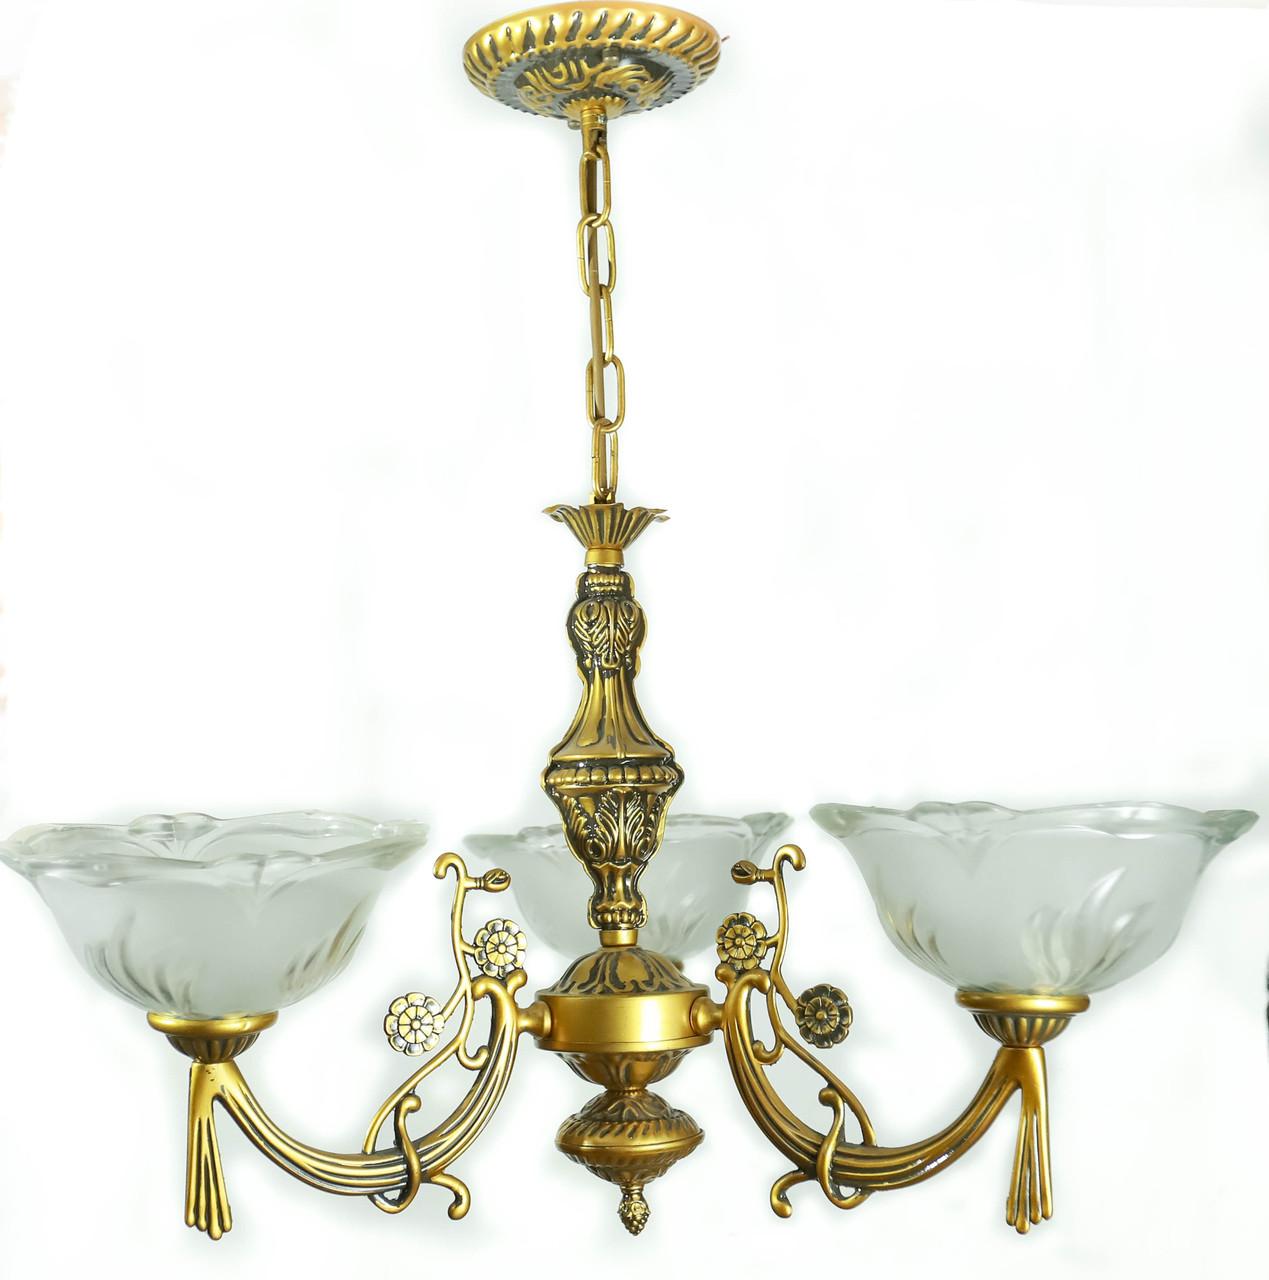 Люстра на 3 плафони, Панська класика, старовинна світла бронза
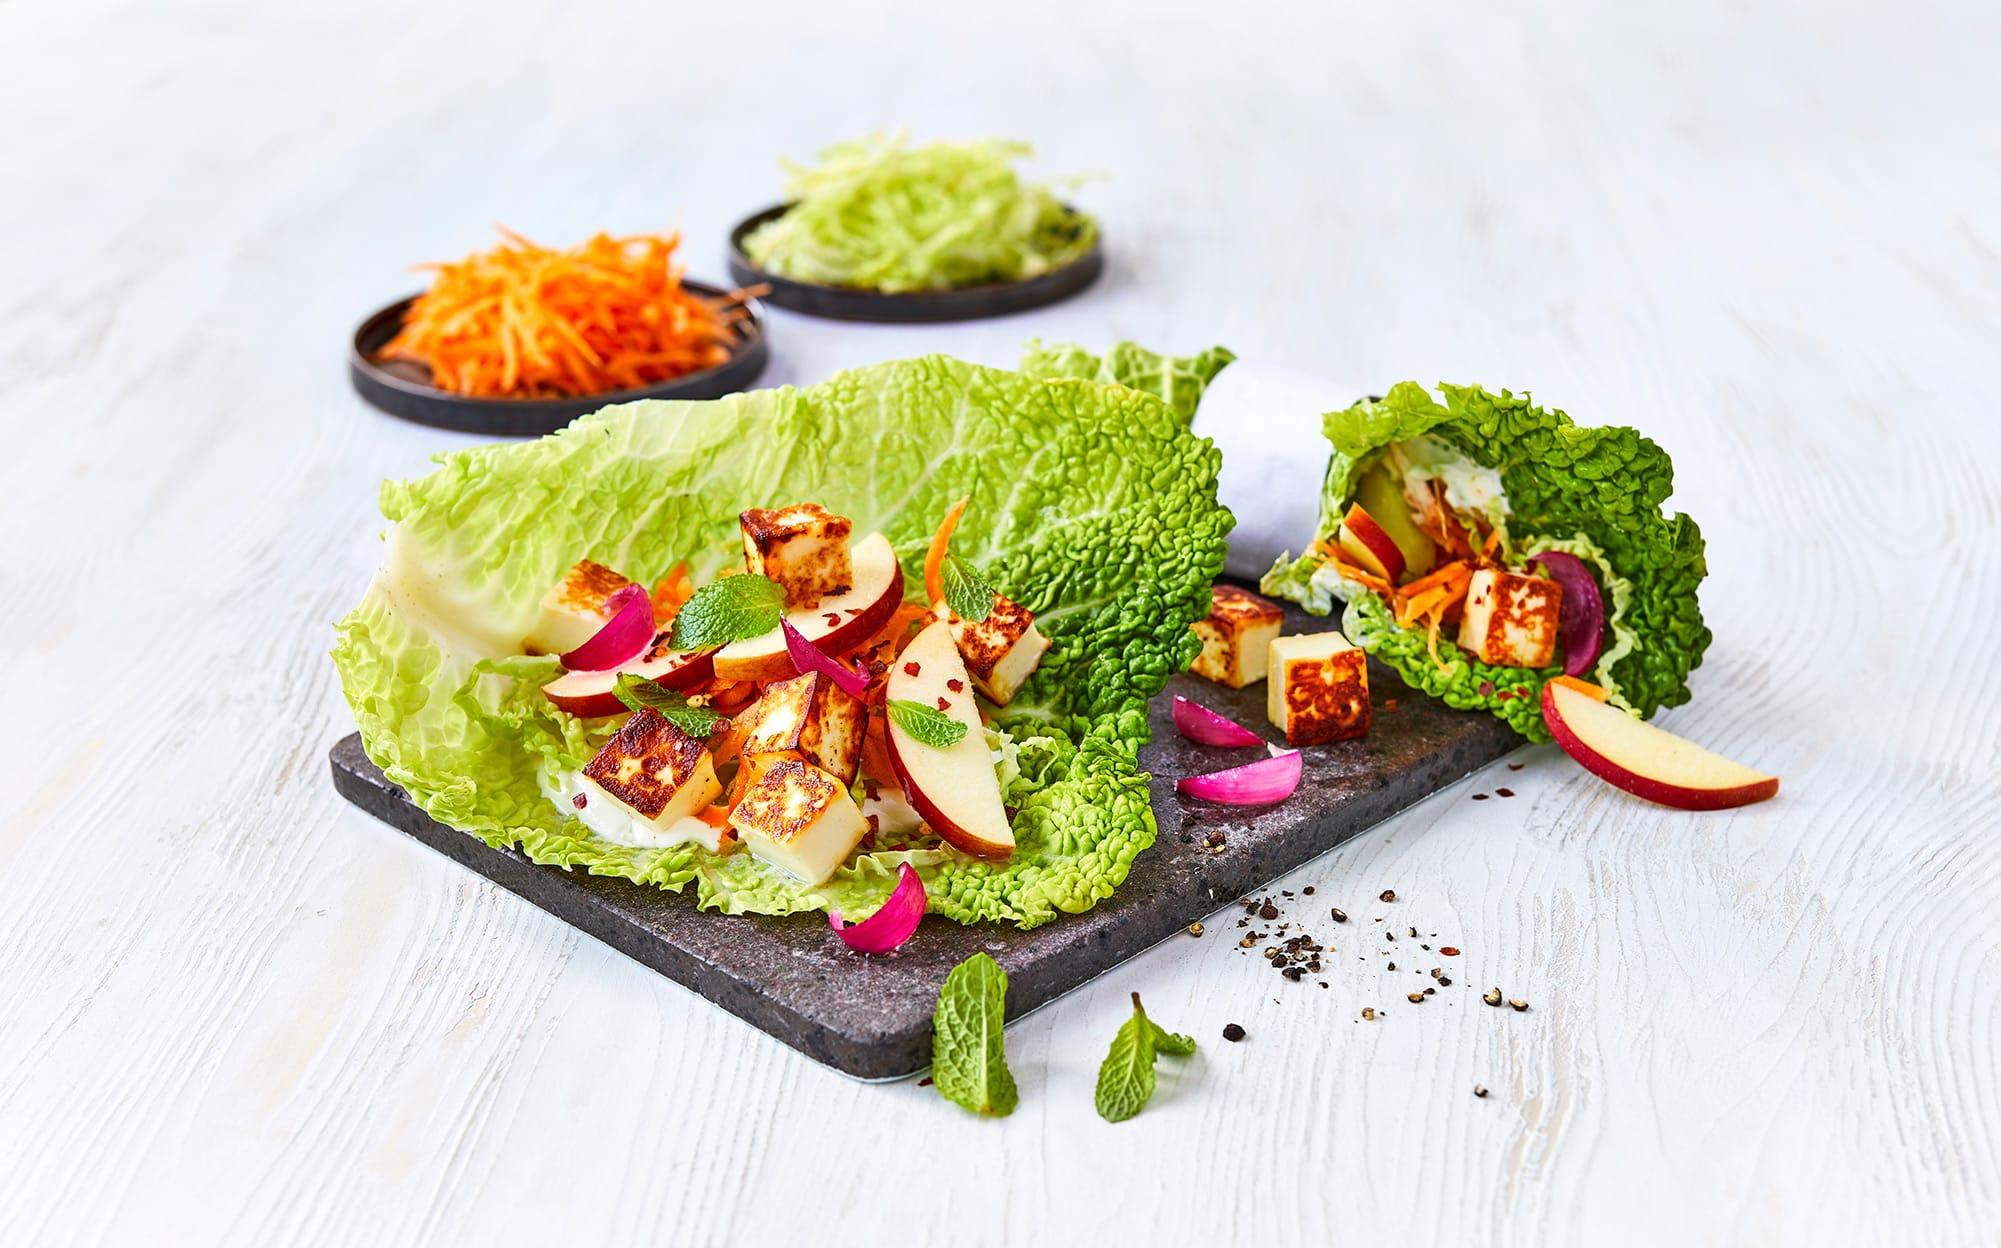 Kålwraps med friske grøntsager, halloumi og urter på toppen
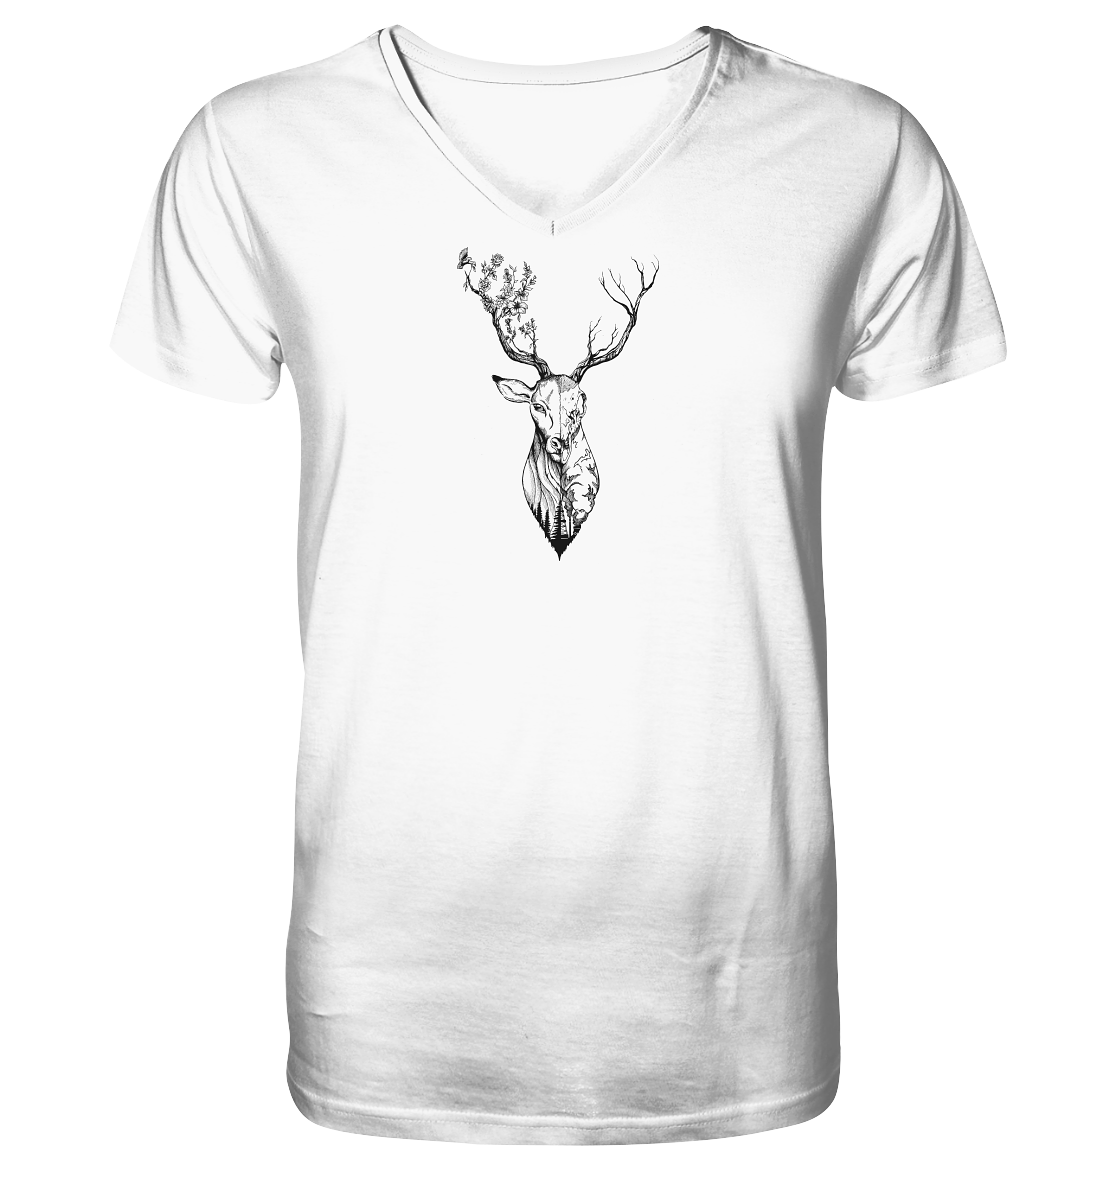 front-mens-organic-v-neck-shirt-f8f8f8-1116x-6.png
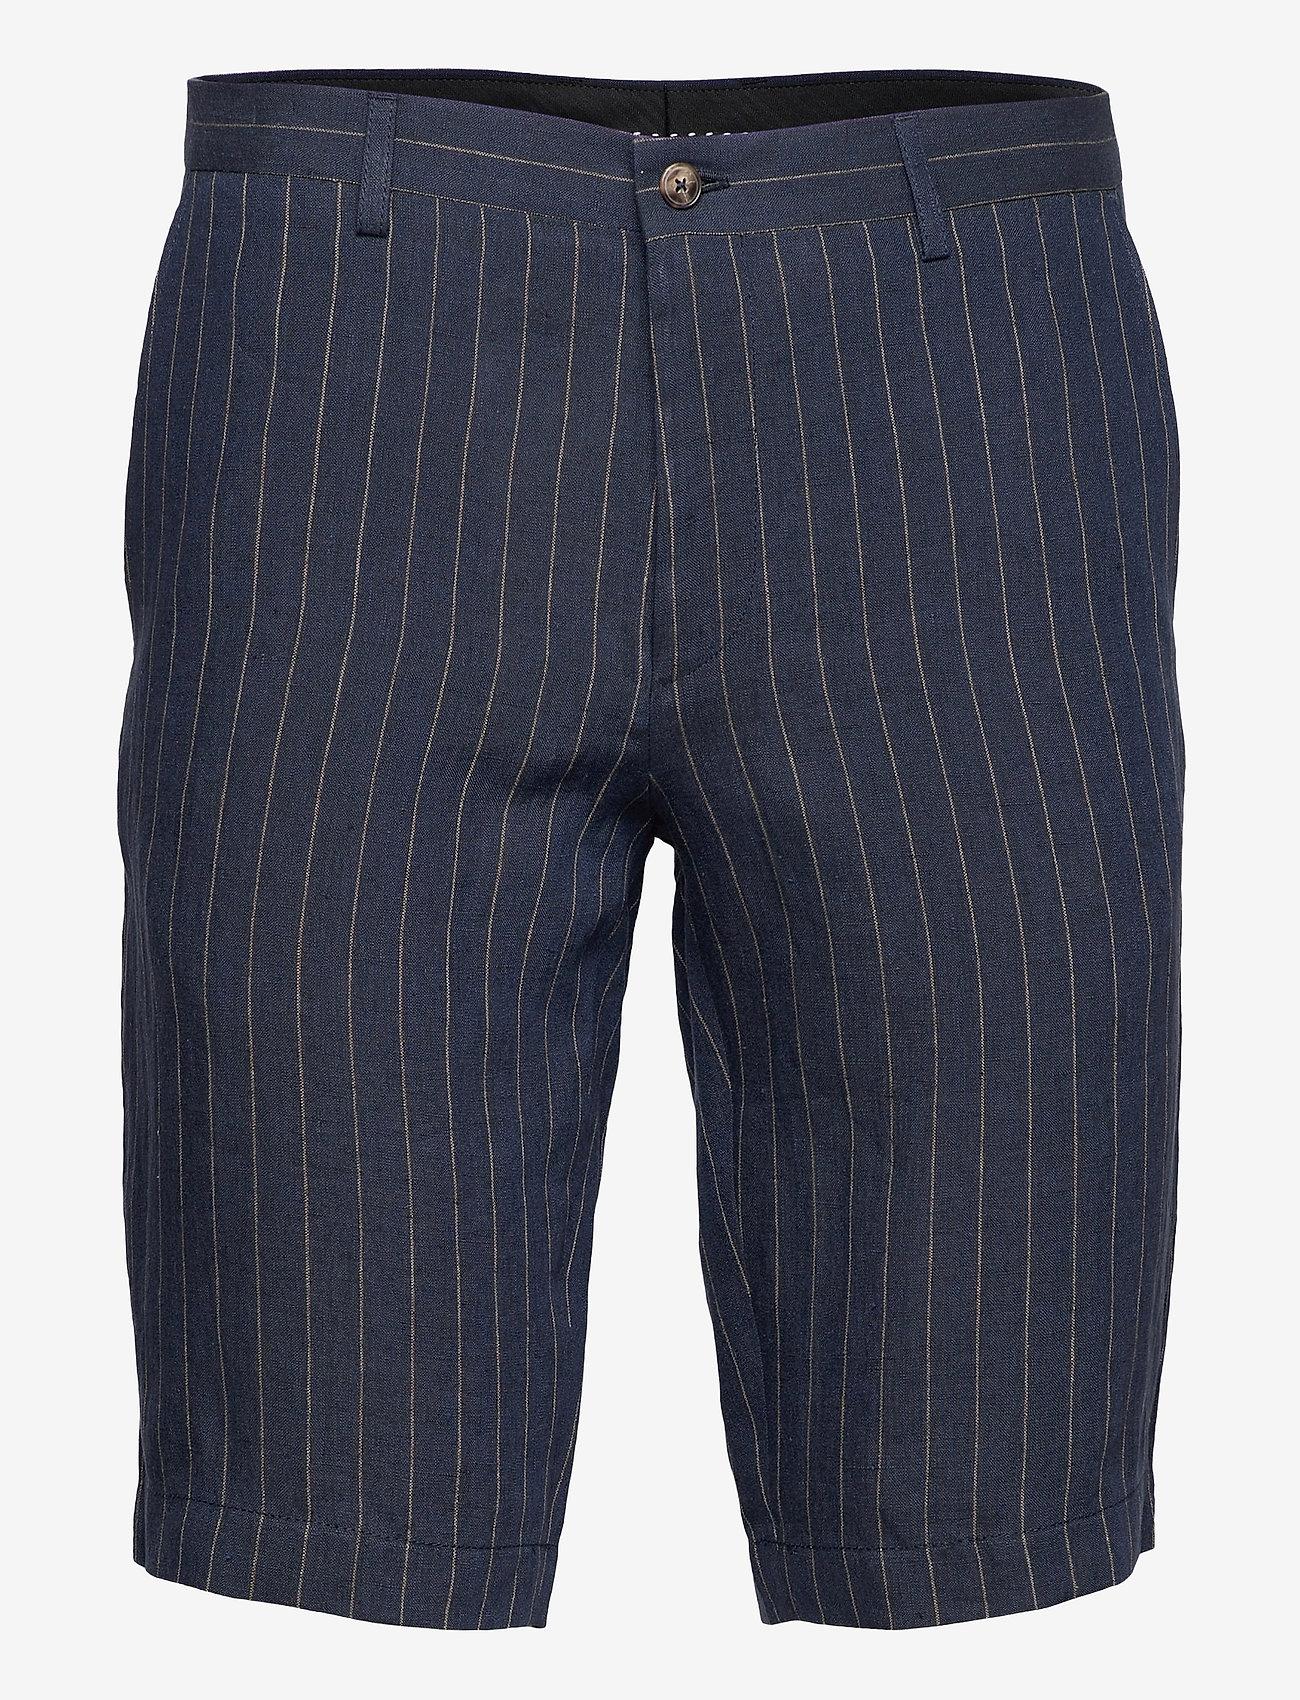 SAND - 1838 - Craig Short - casual shorts - dark blue/navy - 0

» EXERCISE DESCRIPTION
All of the data is to be returned exactly, with no pictures included.

» WRITTEN RESPONSE
 Люстра на 3 плафони, Панська класика, старовинна світла бронза
 Kålwraps med friske grøntsager, halloumi og urter på toppen
 front-mens-organic-v-neck-shirt-f8f8f8-1116x-6.png
 SAND - 1838 - Craig Short - casual shorts - dark blue/navy - 0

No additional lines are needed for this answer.